Software's evil

An extract from "Embedded systems dictionary" by Jack Ganssle and Michael Barr:

"Unfortunately, as hardware design more and more resembles software development, the hardware inherits all of software's evils: late delivery, bugs and misinterpreted specs."

If that is the case, the problem of software doesn't lie in the instrinsic properties of software components but in the development process.

Hardware blocks developed as parts of FPGAs have the same functional characteristics as discrete equivalent hardware parts. If they suffer from software evil's, this is only due to the development process.

Is it be possible to improve the development process of harware blocks so that they don't suffer from these evils and would it be possible to apply these techniques to software? Is it a problem of costs only?

Reply to
Lanarcam
Loading thread data ...

I think it is simpler than that. As designs become more complex, you inevitably get more of late delivery, bugs and misinterpreted specs. This applies equally well to software and hardware.

--
Pertti
Reply to
Pertti Kellomäki

I think this is only part of the problem. A microcontroller is a complex design and generally without bugs. If a design is complex, you can decompose it into manageable units with well specified interfaces. This requires time and rigour and is not compatible with tight schedules and scarce resources.

Reply to
Lanarcam

Volumes and volumes have been written on this. But in general consider that the tools available for software verification are not as mature as, and CONSIDERABLY more labor-intensive than the tools available for hardware verification. Further consider that the cost to be invested up front in verifying something "hard" (silicon, spacecraft, etc) vs. verifying something "soft" (can be field-updated for free) are very different value propositions.

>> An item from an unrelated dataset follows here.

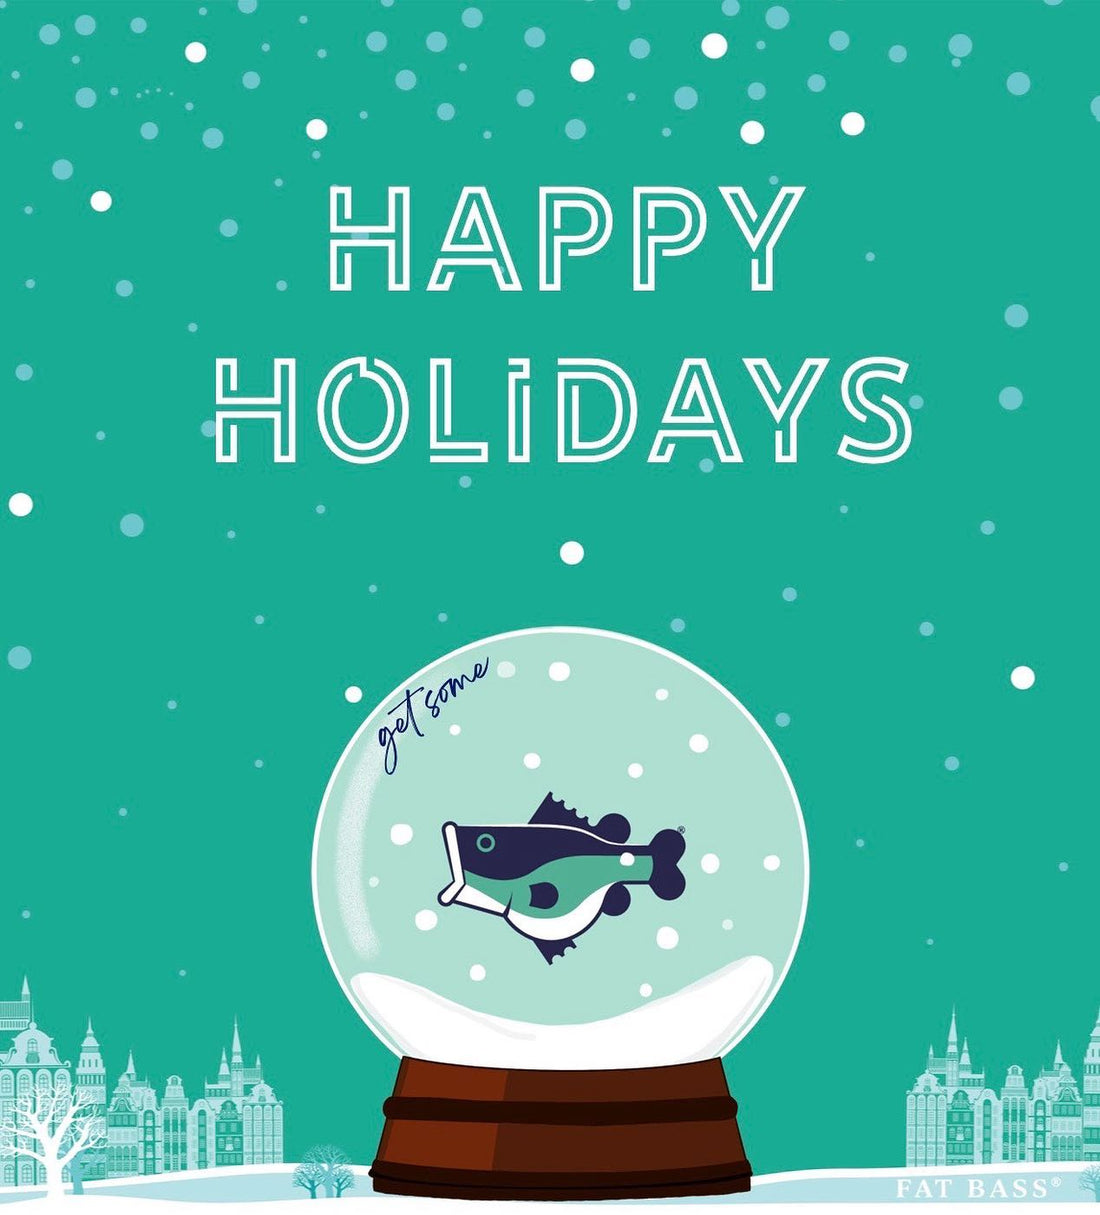 Happy Holidays from our families to yours!

Consider also that a company designing a microcontroller is designing a general-purpose device that must be precisely characterized in order to be saleable. Would you buy a micro if the datasheet said that every parameter was TBD? A product that uses the microcontroller, on the other hand, is going to have a limited range of use and will not, as a rule, be as completely characterized - in fact it's unlikely to have any characterization data at all outside the intended use cases.

Reply to
larwe

"Lanarcam" schreef in bericht news:47eb7ad1$0$27901$ snipped-for-privacy@news.free.fr...

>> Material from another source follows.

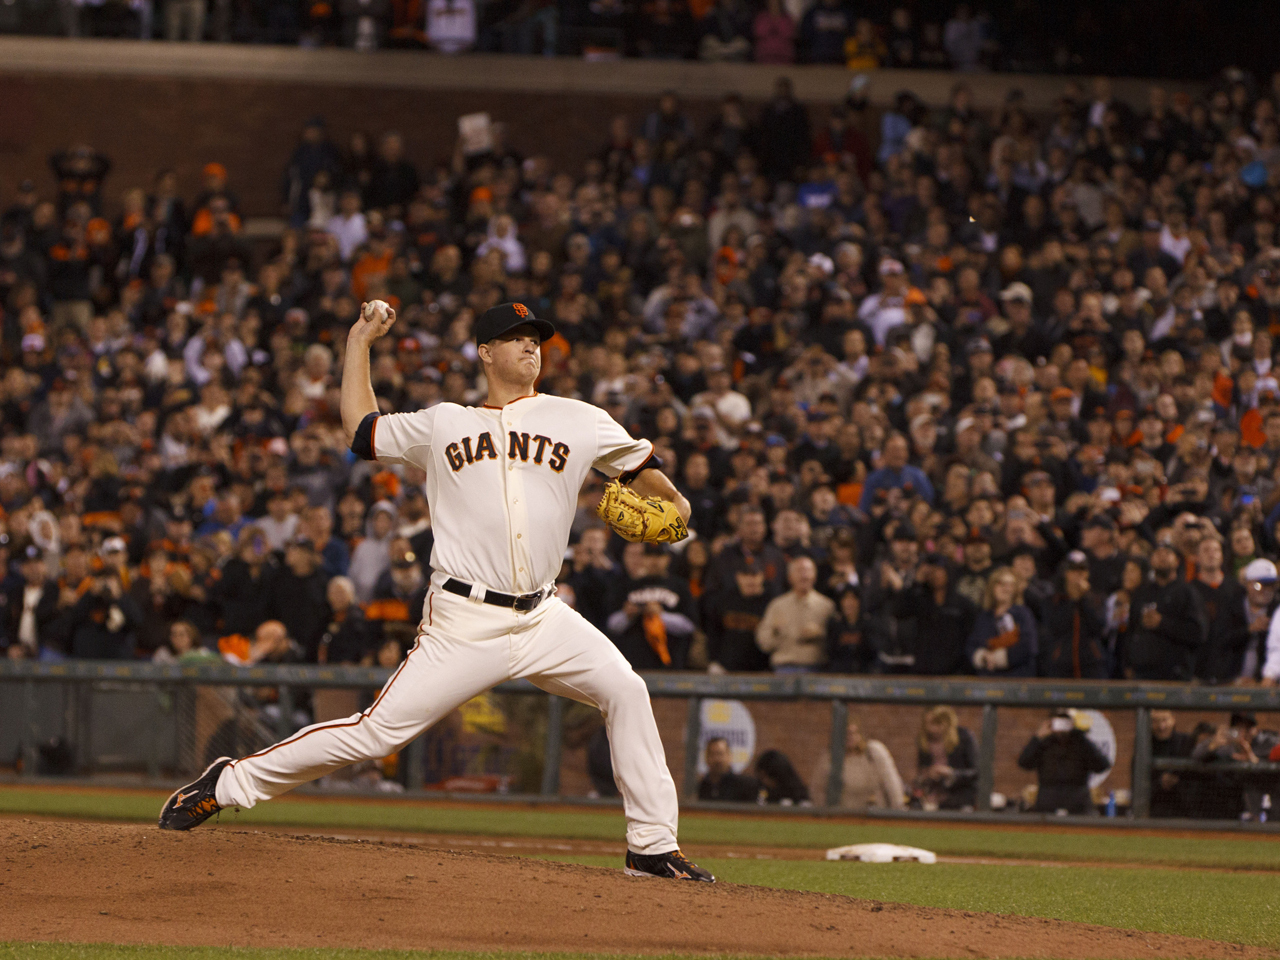 Matt Cain gem gives Giants a perfect game at last

You are right about that, though it will only be possible to get a 100% garantuee if You can manage to simulate every possible state in which something can be and that may be possible with some simple combinatorial logic circuit but will very rapidly become impossible if Your design becomes more complex. And only testing managable units is not always good enough either. Suppose one of them has an error which does not show up if You examine it because it only alters some bit somewhere else in memory (and all "replies" You get from Your unit when testing it are what You expect them to be). However, when You run the system as a whole, that bit might be a part of a variable in another managable unit which turned out to be OK as well when You tested it isolated. So You will have to test the units separately and together and creating every possible state that Your system might ever stumble upon, that is impossible.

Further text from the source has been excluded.